- _Data excerpt_:
┄┄┄┄┄┄┄┄┄┄

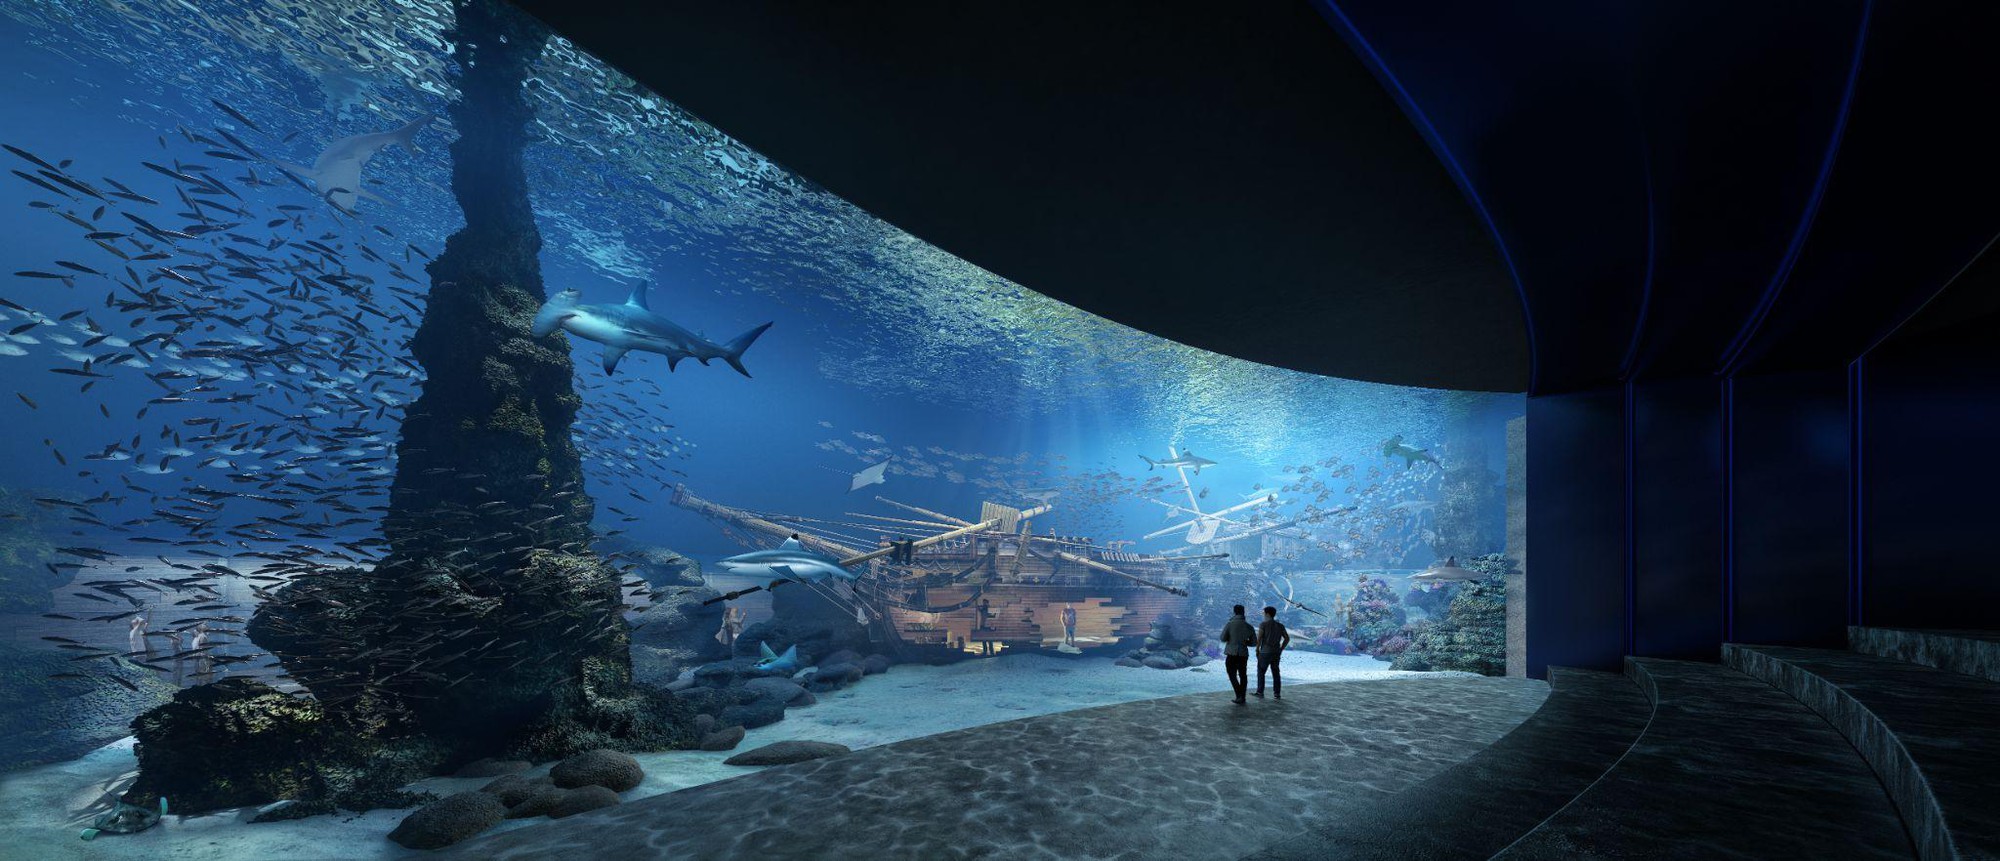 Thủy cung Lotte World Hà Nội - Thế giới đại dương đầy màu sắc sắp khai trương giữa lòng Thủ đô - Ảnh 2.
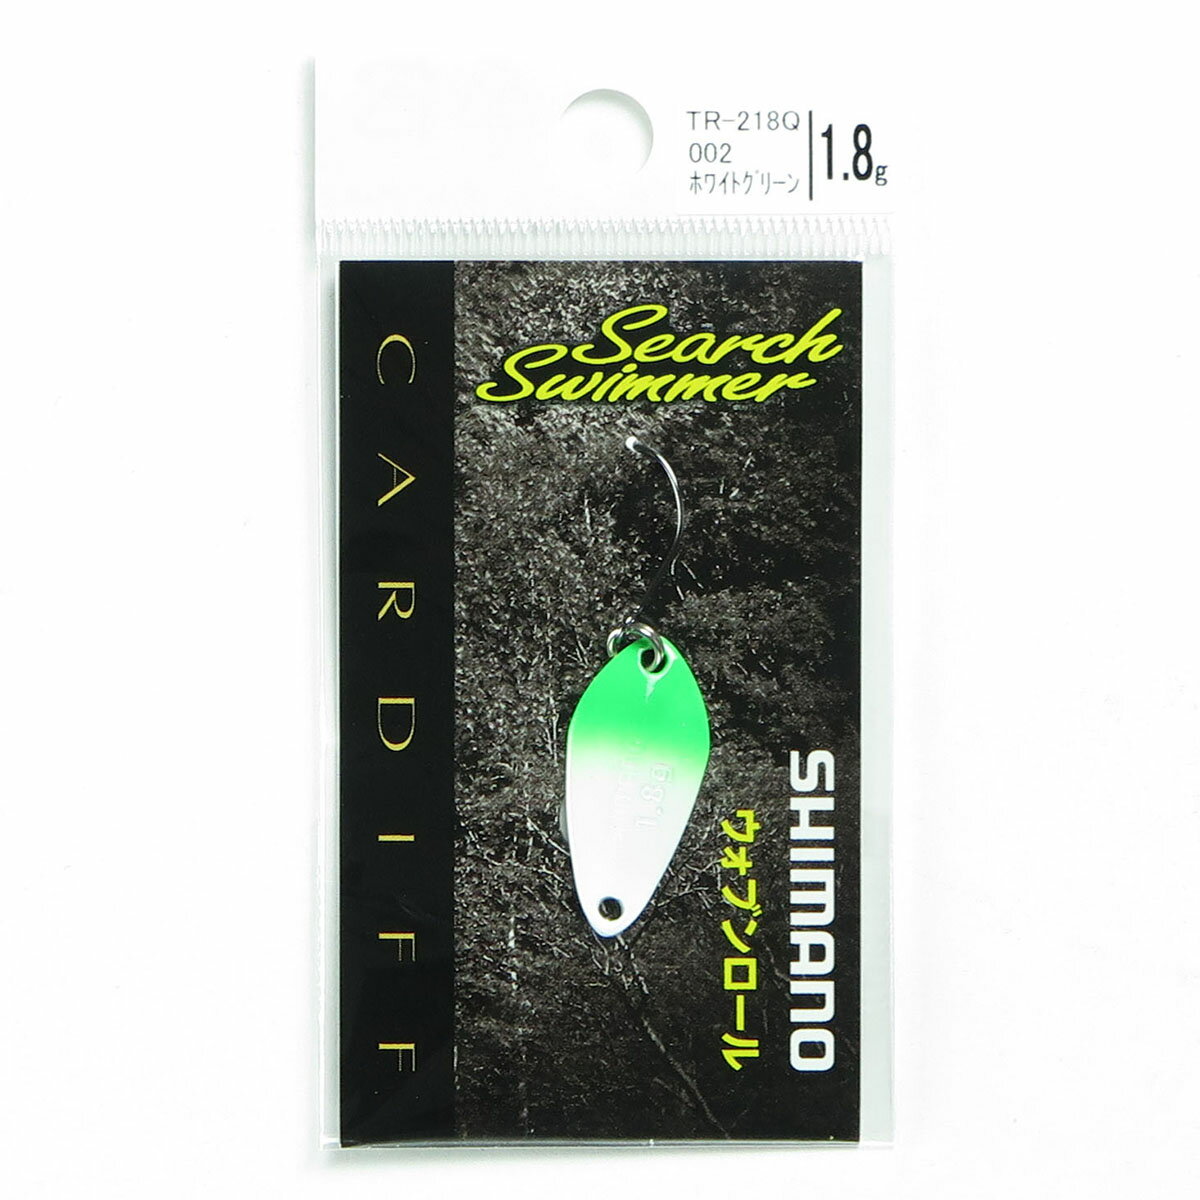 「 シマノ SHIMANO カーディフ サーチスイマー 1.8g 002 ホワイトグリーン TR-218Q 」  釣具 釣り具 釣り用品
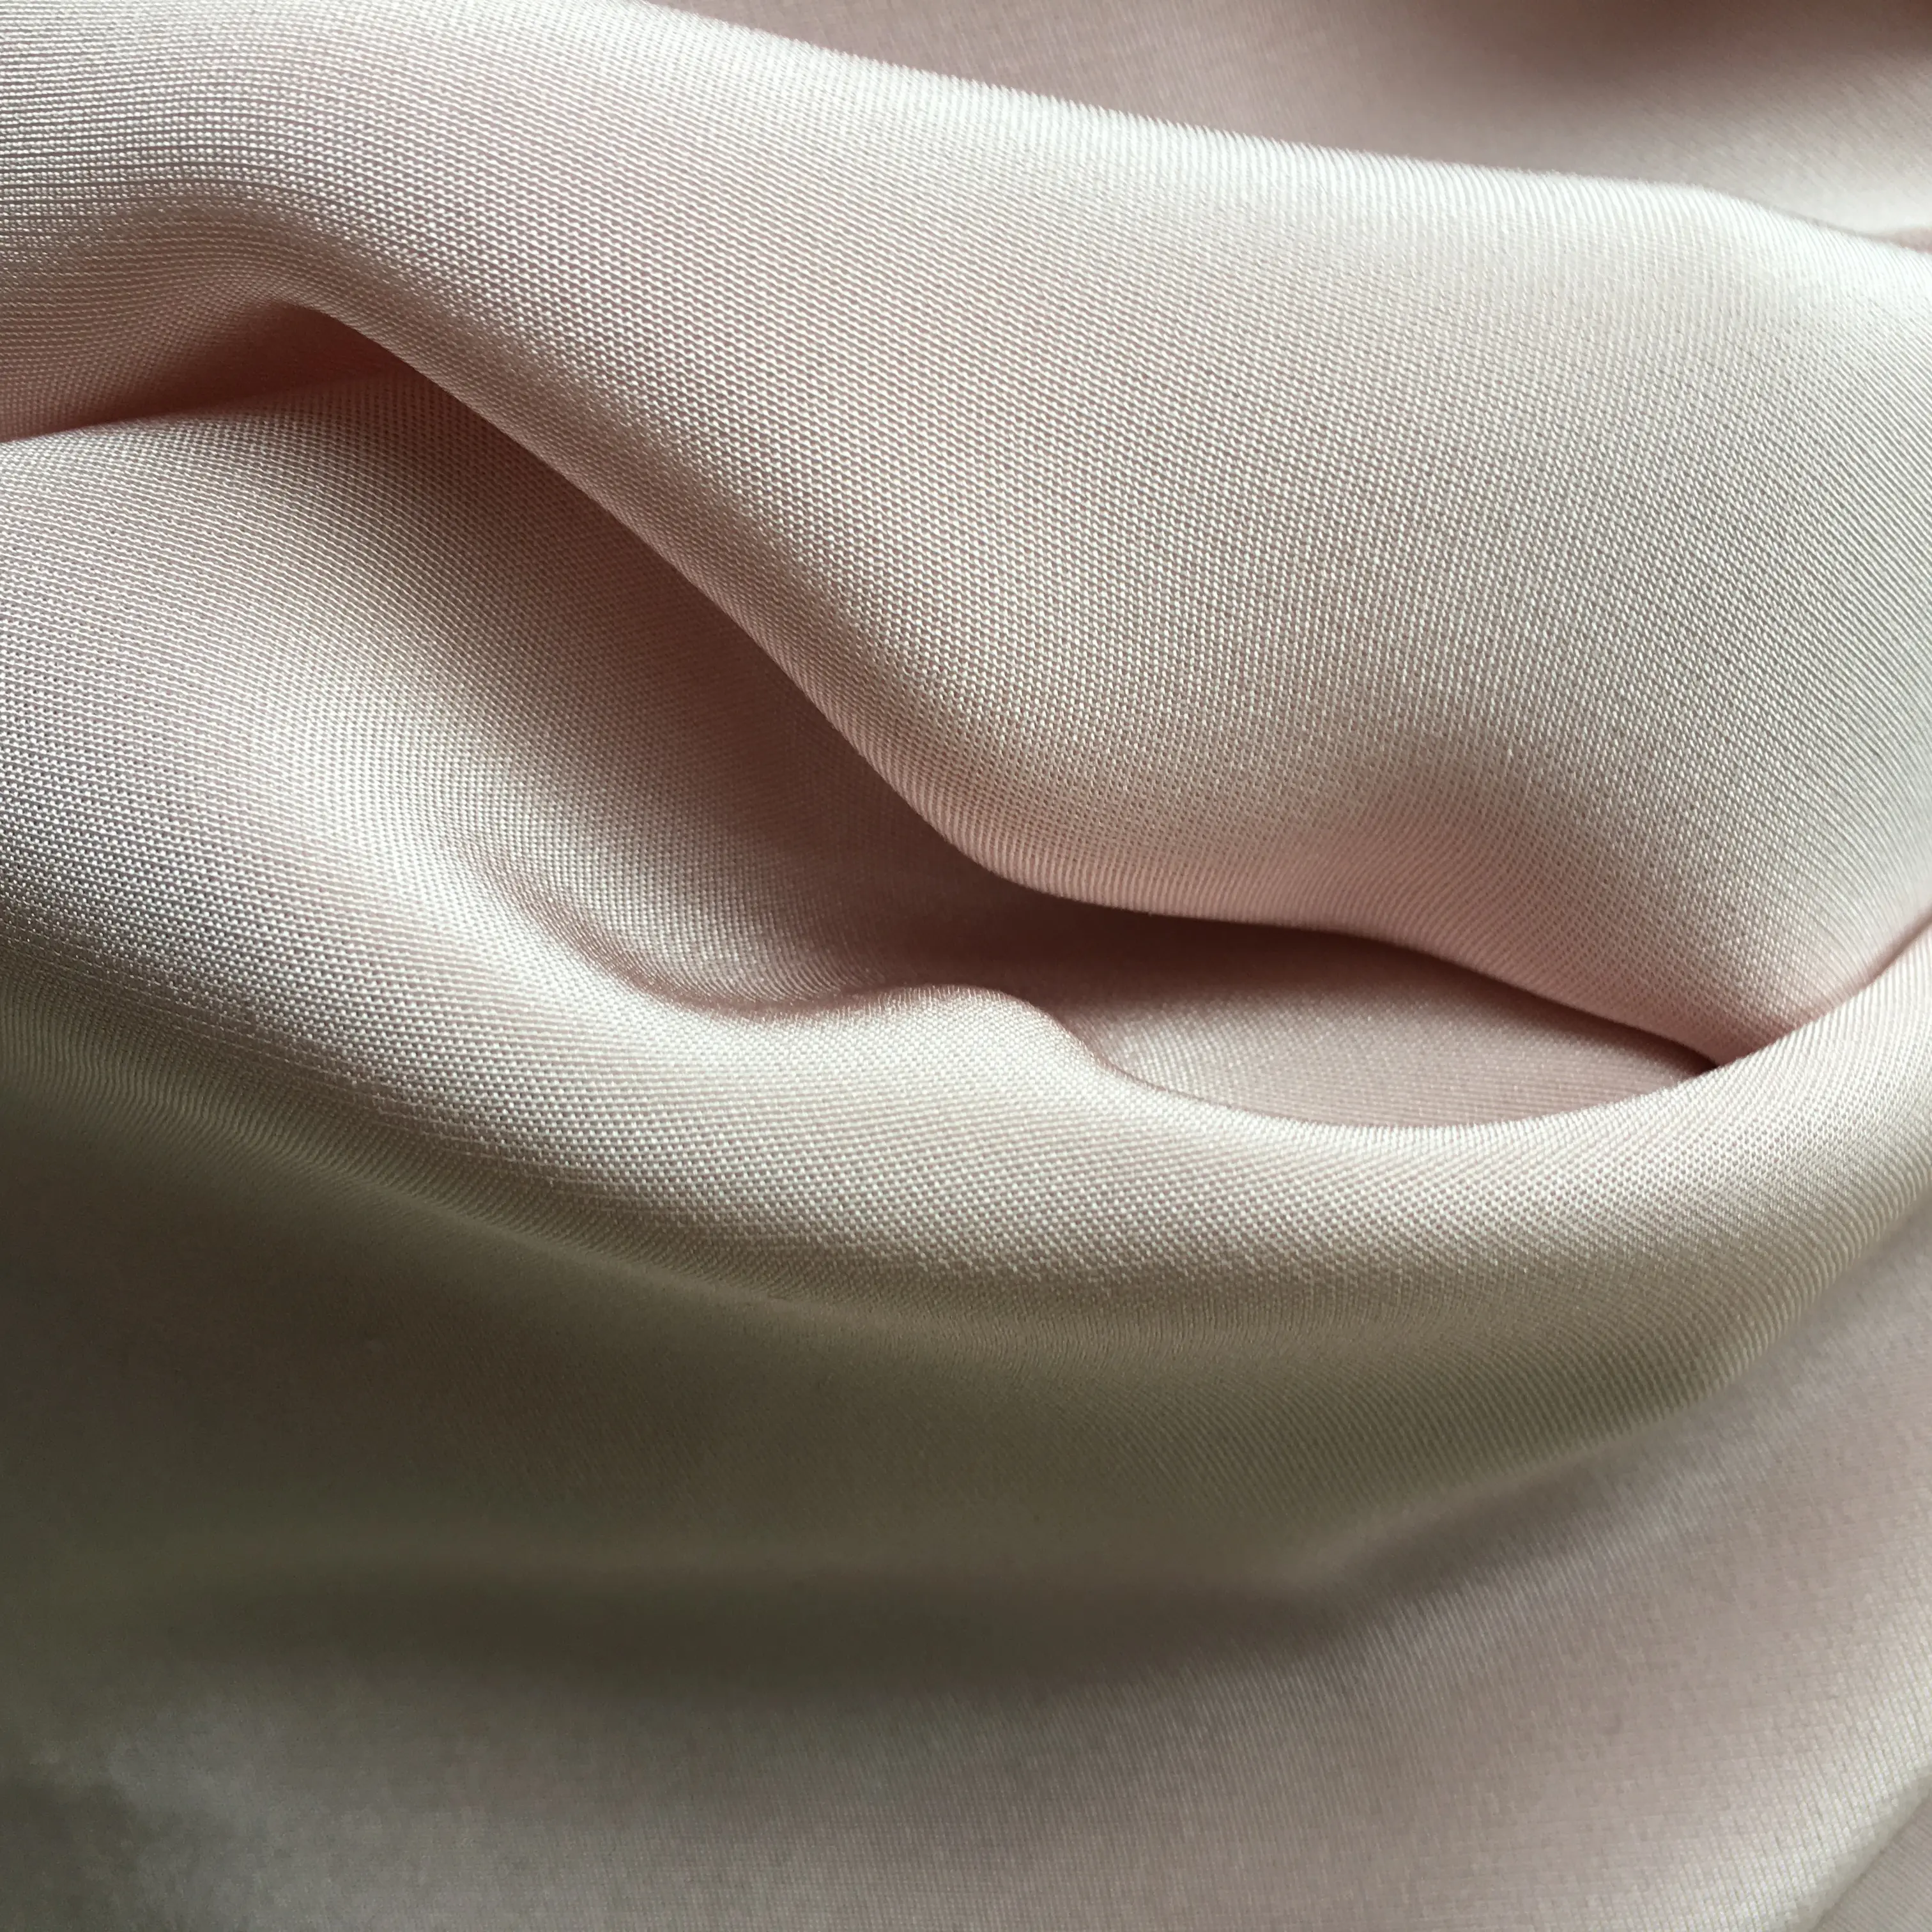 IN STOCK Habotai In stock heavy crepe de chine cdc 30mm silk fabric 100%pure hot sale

┄┄┄┄┄┄┄┄┄┄

- _Task directions_: The data must be reproduced exactly, and no picture may appear in the copy.

- _Solution_:
 Thủy cung Lotte World Hà Nội - Thế giới đại dương đầy màu sắc sắp khai trương giữa lòng Thủ đô - Ảnh 2.
 「 シマノ SHIMANO カーディフ サーチスイマー 1.8g 002 ホワイトグリーン TR-218Q 」  釣具 釣り具 釣り用品
 IN STOCK Habotai In stock heavy crepe de chine cdc 30mm silk fabric 100%pure hot sale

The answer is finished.